The peace that the Christ Child brings is a peace of forgiveness, a peace of reconciliation.  In him God unilaterally ends the war between himself and humanity.  God’s Son becomes one of us and establishes such a peace from above and from below alike, by extending the forgiving hand of God from the manger and from the cross.  [iii]
The kingdom of this Prince of Peace is no longer limited to the borders of Israel.  It still stands, as he says: “Salvation is from the Jews.”  The Savior has not come to every people of the world, but solely and only to Israel, in Bethlehem, when he became a man.  But from there he indeed draws all people to himself. 
And so the third double feature of our Christ also applies to his Kingly Reign: As the King of Israel he is likewise the Lord of the whole world. 
Therefore, he is praised by his lost and found sheep alike for his service as a Shepherd not only in Israel, but for the whole world.  That’s why Micah can say of him: “For now He shall be great to the ends of the earth.”  We find here another piece of the puzzle. 
The Child born in Bethlehem is therefore always and ever at work as Shepherd and King even for you and me.  As the resurrected, exalted Lord and King, he has authority over all the world.  And so also, as the exalted Lamb of God, he performs his service as Shepherd still today for all his lambs.  He does so by sending out undershepherds who lead his flock to pasture with his gospel and his sacraments. 
The same Spirit who once overshadowed the mother of God when she was to conceive accomplishes to this very day a no less precious Wonder, that people from Judah and heathen folk alike follow suit with the shepherds of Bethlehem and receive with the Child in the manger their Savior and Lord. 
Where this happens, there we become a piece of that great puzzle that is set before our eyes in the lively and multifaceted biblical message.  We don’t figure it out.  It remains a mystery.  But we are invited into it – to know and believe when, where, and to what end God became one of us.  We therefore belong in the great picture of God’s salvation history.  What shone forth in the City of David to make it not the least of the cities of Judah, as St. Matthew takes divinely sanctioned liberty to translate it, still shines forth for us.  And here we find the significance our place too.  Though Gentiles so far on the edges of this prophecy, we are precious pieces of God’s scope of love and kindness.  For here the incarnate God abides with us.  His glory does not stop illuminating our hearts until we are finally there where so many elect have gone: to the place of his heavenly origin, where we see the Son of the Virgin and Son of God as our eternal Shepherd and King, and will rest secure in his peace.  Amen. 

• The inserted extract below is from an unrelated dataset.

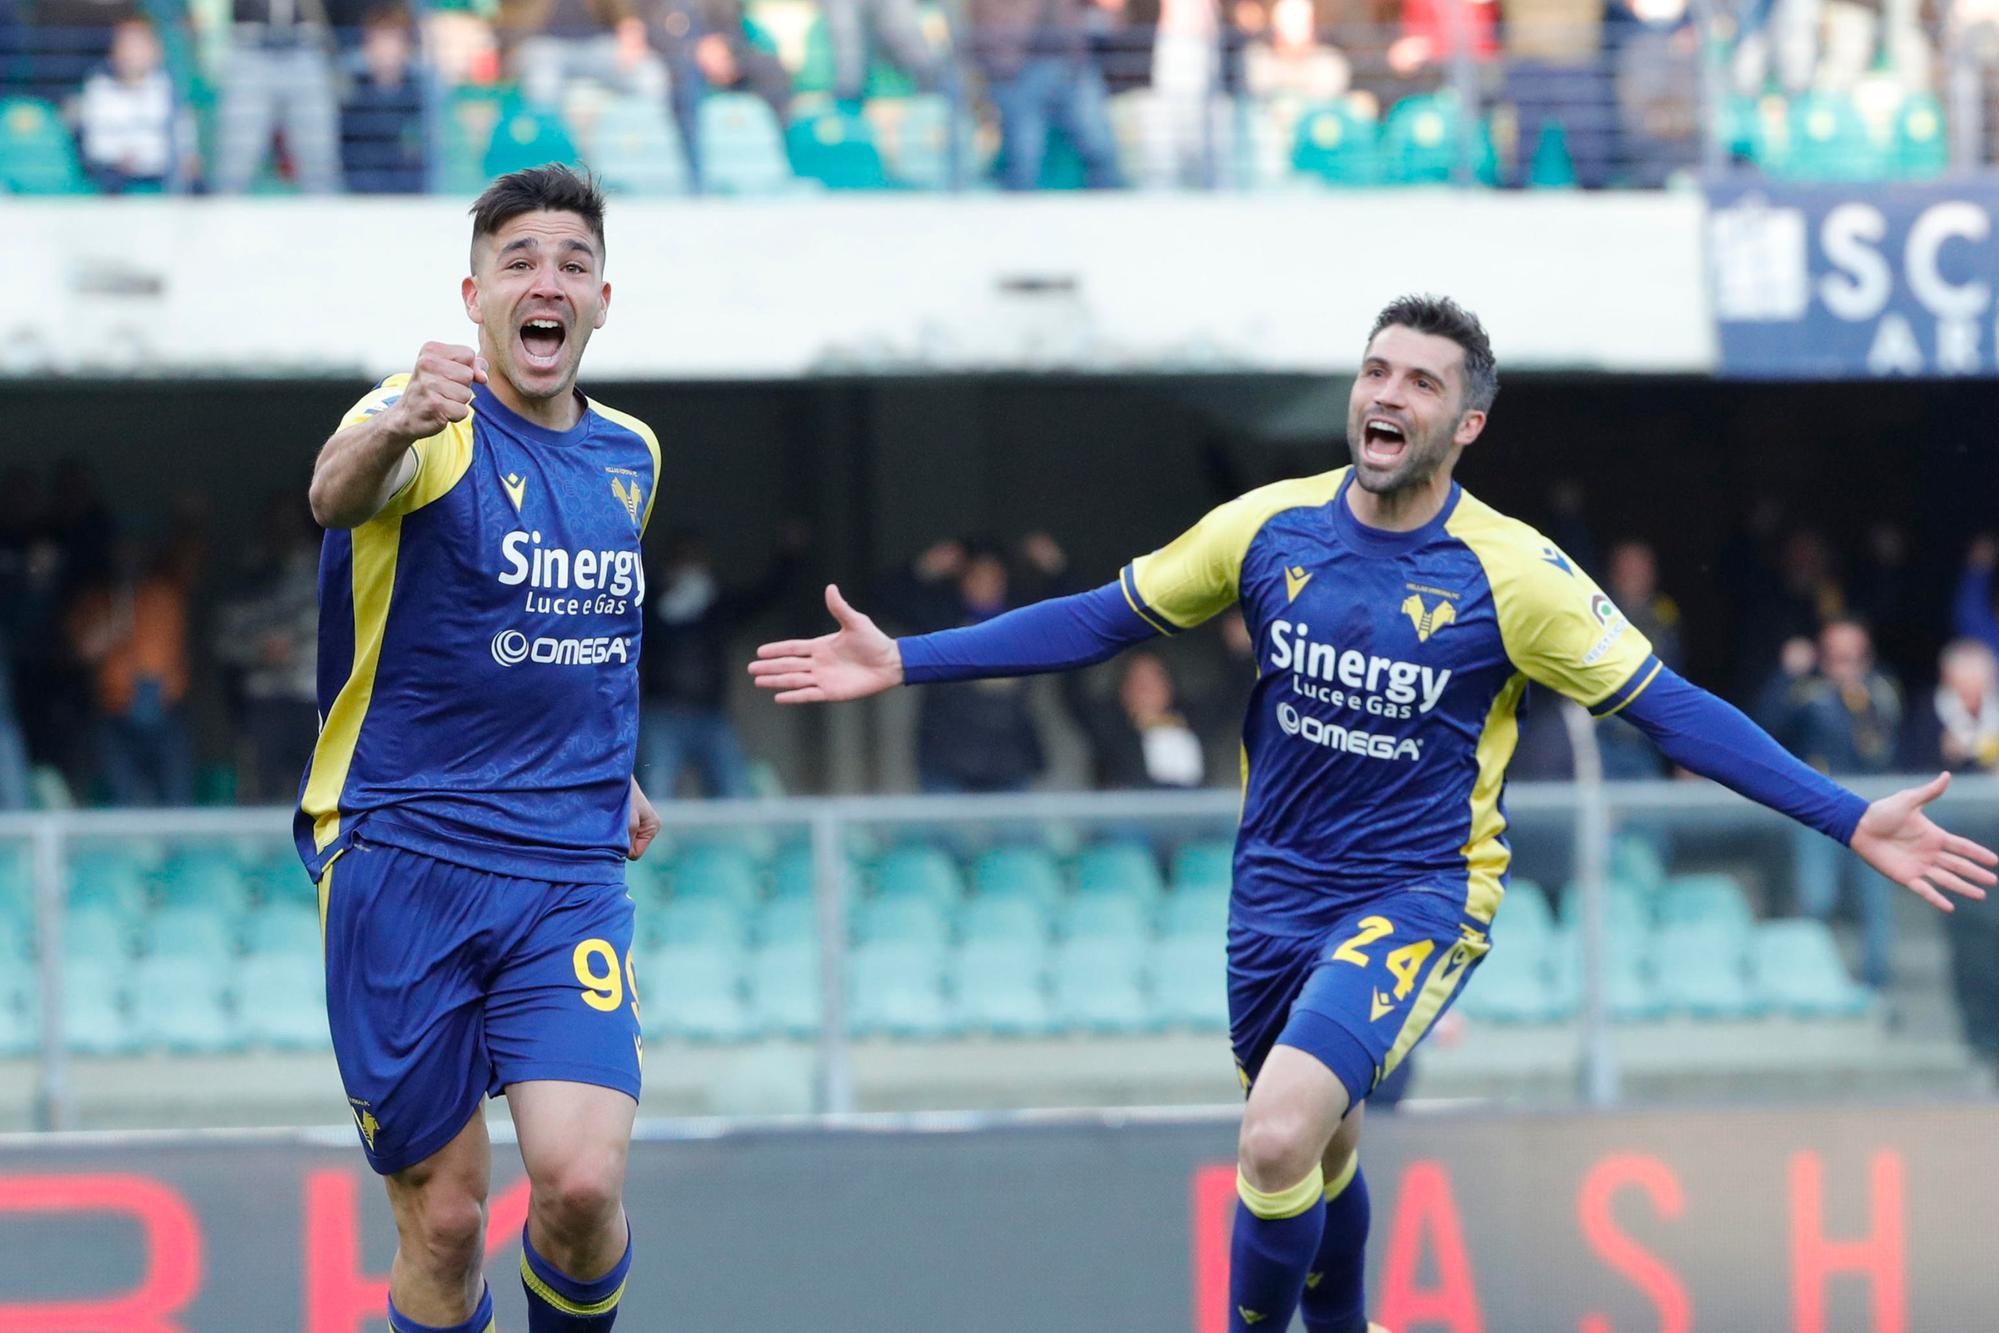 Ufficiale: Giovanni Simeone è un giocatore del Verona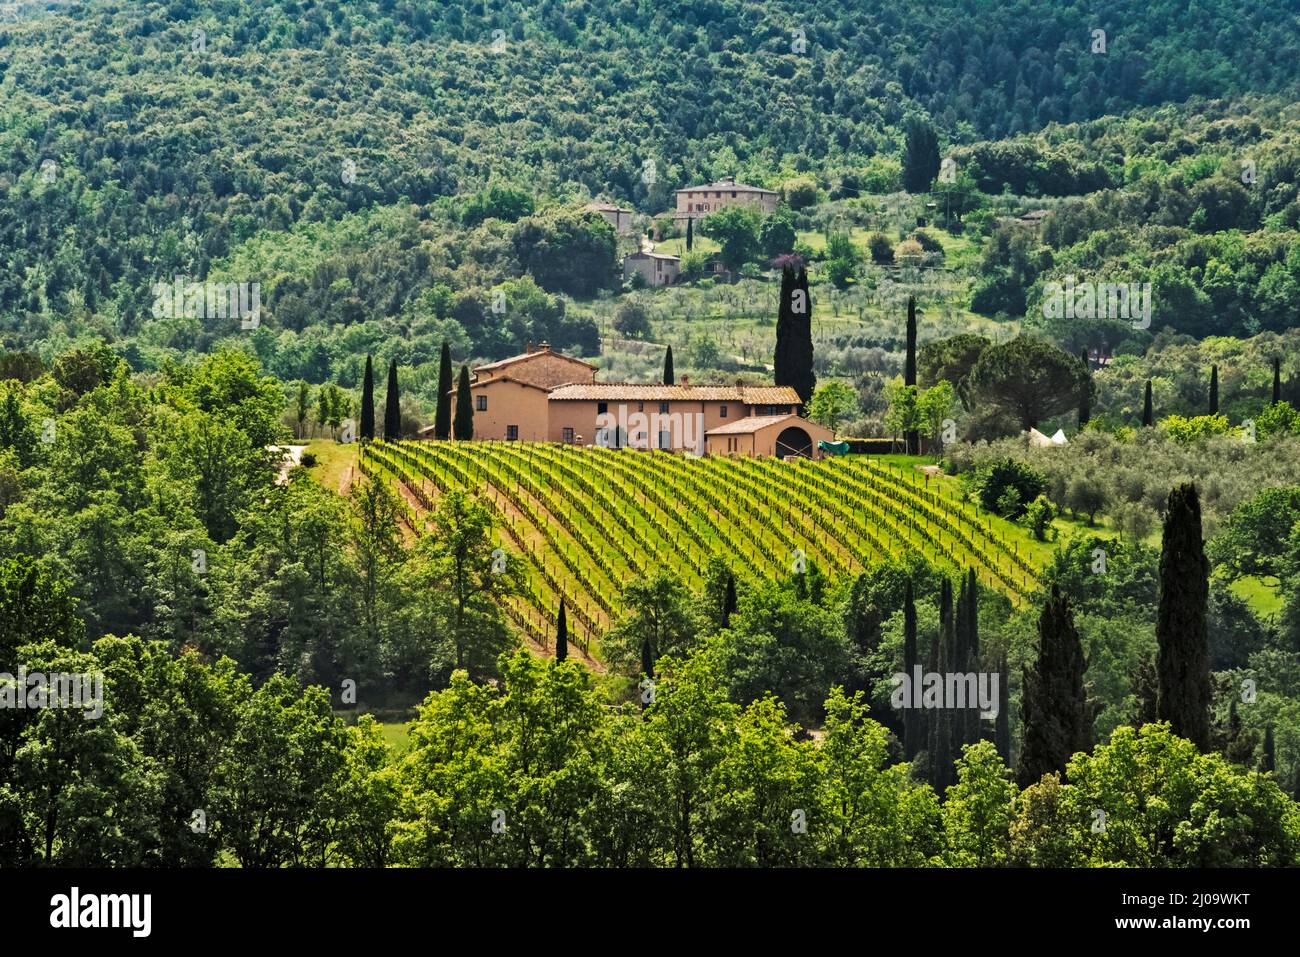 Maison de village et vignoble, province de Sienne, région de Toscane, Italie Banque D'Images

[i] Our hymns also fix the individual pieces together into a complete image when they clearly paint before our eyes the double divine and human origin of Christ according to the promises of the Old Testament.  During Advent we sang: 
Let the earth now praise the Lord. / Who has truly kept His word
And at last to us did send / Christ,  the sinners’ Help and Friend.
What the fathers most desired, / What the prophets’ heart inspired,
What they longed for many a year, / Stands fulfilled in glory here.
Abram’s promised great Reward, / Zion’s Helper, Jacob’s Lord,
Him of twofold race behold,  / Truly came, as long foretold.

[ii] He becomes the Lamb that taketh / Sin away / And for aye / Full atonement maketh.

[iii] Softly from his lowly manger, / Jesus calls / One and all, / “You are safe from danger.
Children, from the sins that grieve you / You are feed; All you need / I will surely give you.”